Data science teams working with LLMs and generative AI applications must be purposeful in building in tracking, auditability, reproducibility, and monitoring across the generative AI lifecycle. This is critical to ensure end users do not manipulate models to produce misinformation. Both training (distributed across many nodes) and inferring must be reproducible. This requires validating inferences by allowing other data scientists to test the LLM. If they are unable to produce the same results using the same data and parameters, the model may be faulty.
Prompt brittleness is also a major challenge, as minor variations related to prompt syntax and semantics can lead to serious flaws in the model’s output. Evaluation of different model versions, including fine-tuned models, demands continuous monitoring of user prompts and their generated output.

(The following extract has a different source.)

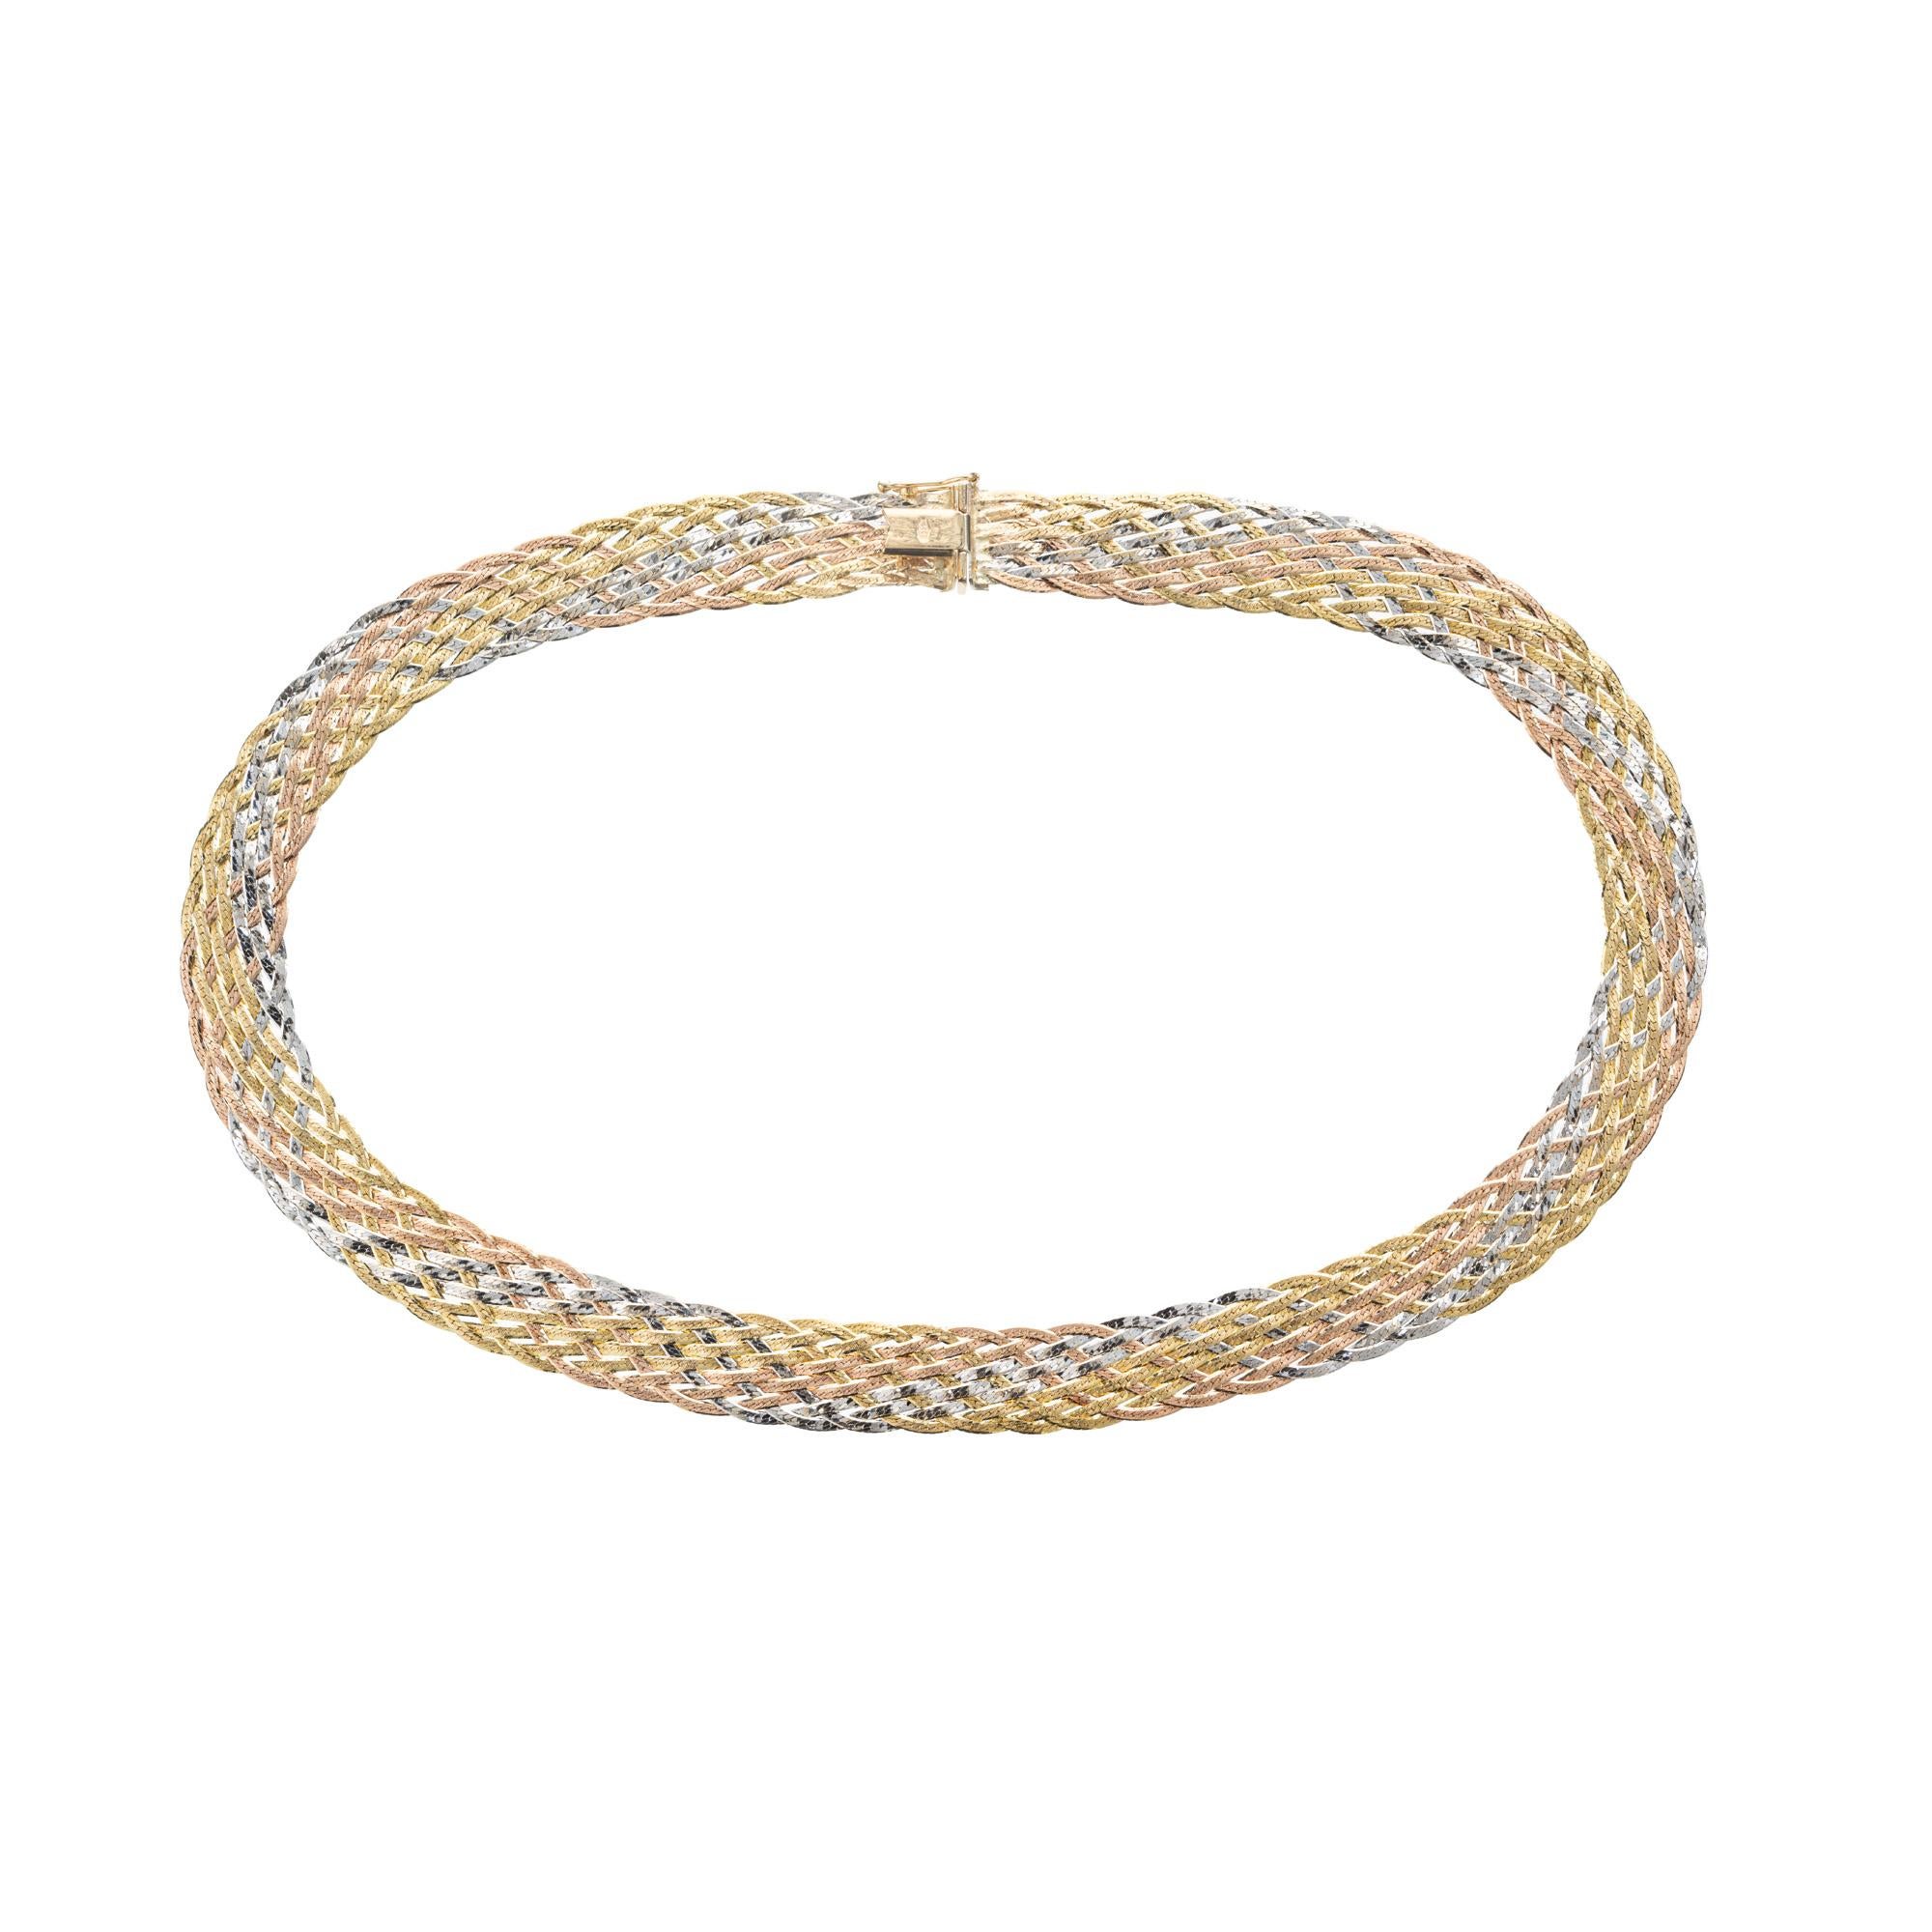 Tri Color Gold Mesh Necklace. This necklace is a harmonious blend of 14k white, yellow, and rose gold links intricately woven together, forming a stunning mesh pattern that is both elegant and contemporary. The necklace is 16 inches in length.

These dangers are exacerbated by the sheer number of end users interacting with LLMs as opposed to ML models. Because generative AI applications are designed to be “released into the wild,” sophisticated prompt engineering paired with robust observability measures must rule the LLMOps practice.
LLMOps stakes are high; so is the potential payoff of generative AI
Despite the obstacles, the rewards that AI can offer have brought LLMOps to the top of many executives’ to-do list. However, without a firm understanding of the challenges unique to LLMOps, enterprises increasing their investments in generative AI will fail to see a return and may expose the enterprise to liability. The first step in overcoming these challenges is to anticipate them. Then, with the right LLMOps development, deployment and monitoring technologies and strategies, your organization will be among those that will thrive in the generative AI future.